La economía robusta y el bastón del fondo soberano se retroalimentan y financian una red de recursos formidables. La educación y la salud públicas son de alta calidad, el fondo de desempleo garantiza, casi siempre, que quien pierde el trabajo reciba durante un plazo de hasta tres años un 62% de su sueldo (el porcentaje es mayor cuando el salario es más bajo). El gasto público como porcentaje del PBI supera el 50% (en su libro, Mauricio Macri protesta porque en la década anterior había superado el 30). En el retiro, la vieja generación de noruegos criados en la austeridad descubre los placeres de una vejez confortable y extensa: la expectativa de vida es de 82 años, cinco más que en Argentina.
Por sobre todas las cosas, lo que hizo posible el milagro brillante del sueño socialdemócrata es un secreto expuesto a la vista de todo el mundo: en Noruega, la estructura igualitaria de la sociedad y la economía preceden largamente a la llegada de la prosperidad. Y, en muchos sentidos, ambas están en tensión. Buena parte de lo que convierte a Noruega en el modelo idealizado del comentario político argentino se cuela por la historia que le dio forma al país durante el siglo XX y que hizo posible que las ideas de al-Kasim se hicieran realidad. En el centro de esa historia están los monstruos temidos del liberalismo actual: un partido laborista de fuerte base obrera, una de las tasas de sindicalización más altas del mundo -que en su momento casi llega al 90% de los trabajadores y hoy sigue encima del 70) y un fuerte control estatal sobre la economía.
En Noruega, el Estado de Bienestar es una experiencia temprana que arranca en los años 30 y se consolida después de la Segunda Guerra Mundial. Comandado por el Partido Laborista (que durante cuatro décadas desde 1945 tuvo una mayoría que osciló entre el 40 y el 48% de los votos), Noruega abrazó inicialmente una versión radicalizada del Estado de Bienestar con reminiscencias socialistas, incluyendo planes quinquenales, el Comité Nacional de Coordinación Económica que reunía al Estado, los sindicatos y los empresarios, y la creación de una burocracia pública que abarcaba desde los bancos hasta la producción de alimentos pasando por la regulación de todo lo demás.
Hay muchas interpretaciones sobre este periodo, pero entre quienes estudian en los últimos años la distribución del ingreso durante el siglo XX parece haber una coincidencia firme, la verdad más odiada para muchos: la principal razón por la que Noruega pudo imponer el Estado de Bienestar y extenderlo en el tiempo es que no había ricos, o dicho de otro modo, que la diferencia relativa entre los sectores más concentrados de la economía y los de menos ingresos era mucho menor que la del resto de Europa.

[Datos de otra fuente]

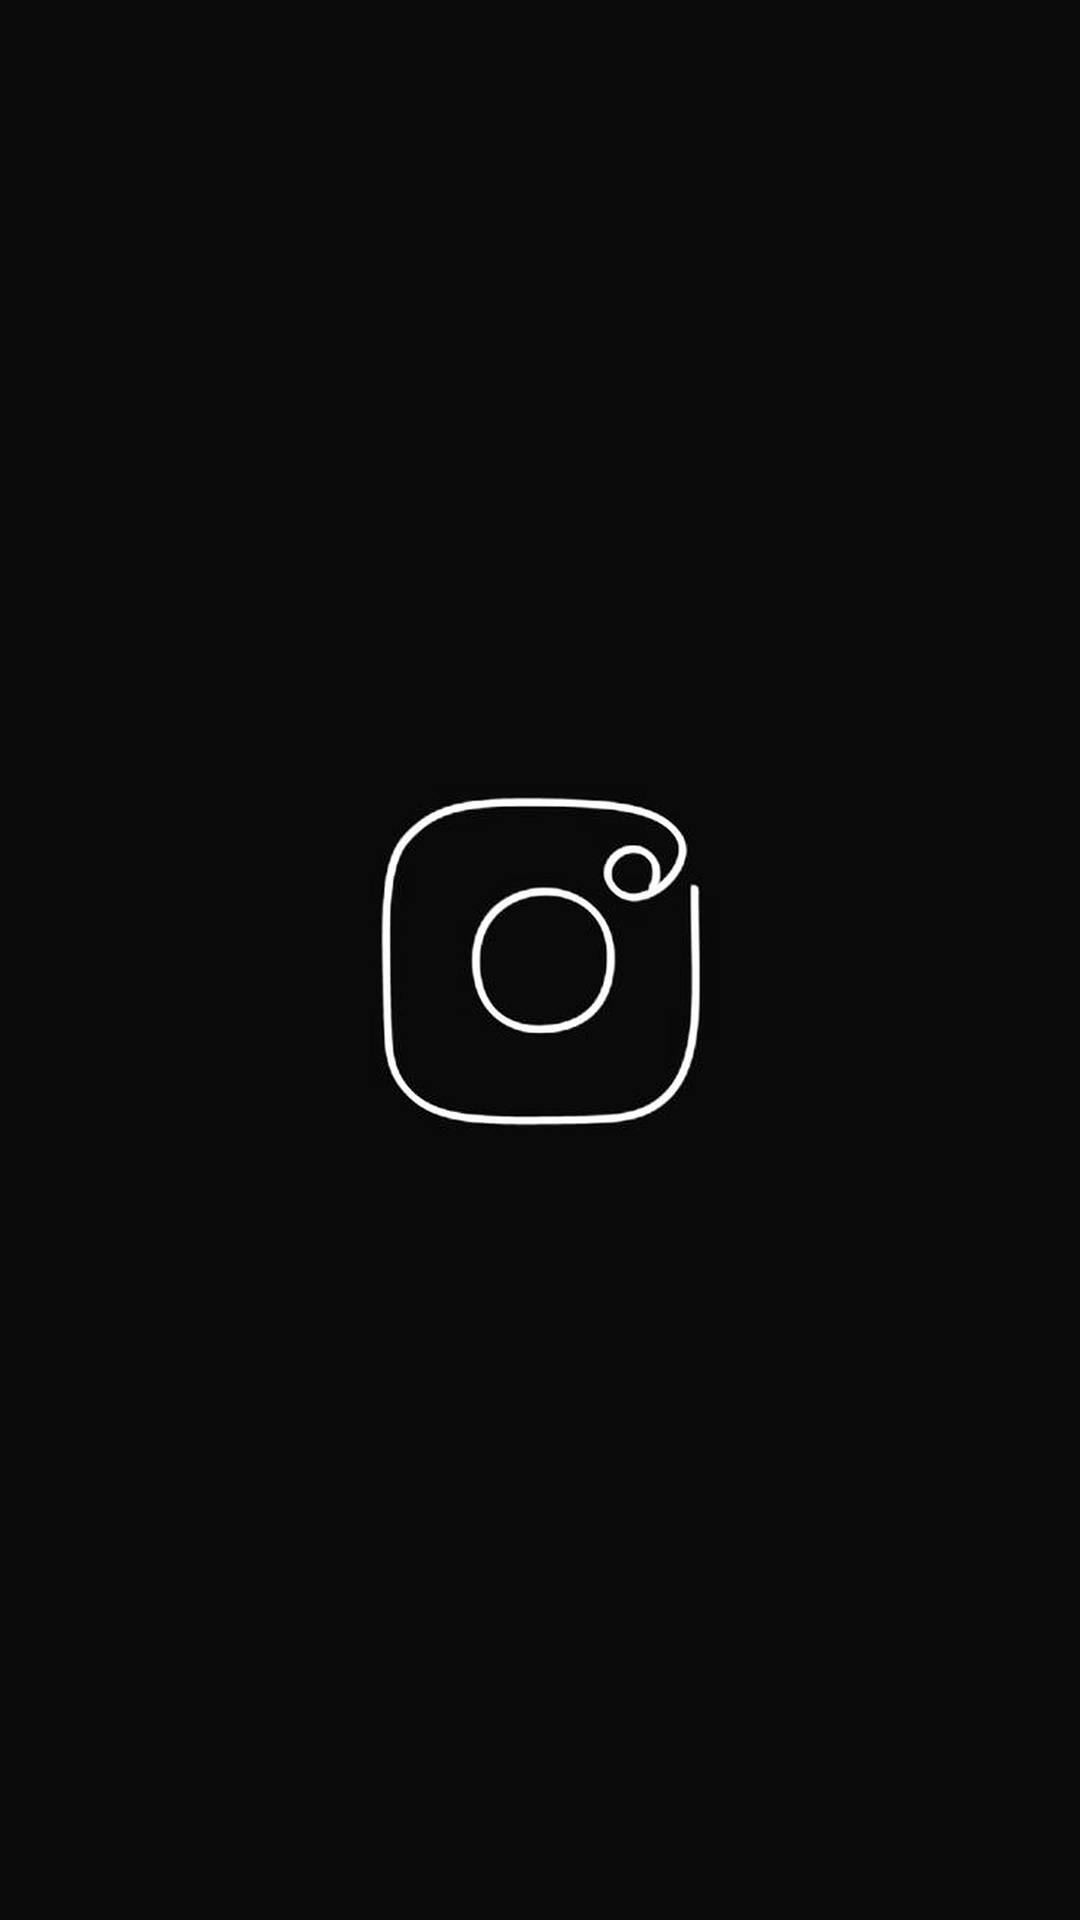 Schwarzesminimalistisches Instagram-symbol Wallpaper

Para Rolf Aaberge -uno de los mayores expertos en desigualdad e ingresos en Noruega- el principal factor que explica la caída de la desigualdad durante el siglo XX es la baja desigualdad dentro de la mitad más rica y entre el 10% más rico y el 10% más pobre, un fenómeno que se consolidó hacia fines de los años 30 y duró hasta los años 80, cuando la desigualdad comenzó a subir nuevamente. Para Aaberge, los seis factores que explican esta tendencia fueron la política, la demografía, la educación, el comercio, las finanzas y la productividad derivada del avance tecnológico.
A final de cuentas, el secreto para lograr una sociedad próspera y sin conflictos extremos estaba en tratar de producir un país sin ricos. He ahí una verdad incómoda.
¿Cuánta prosperidad aguanta la igualdad? El paisaje rosado del milagro petrolero noruego es sólo una parte de esa respuesta. Y no necesariamente la más veraz.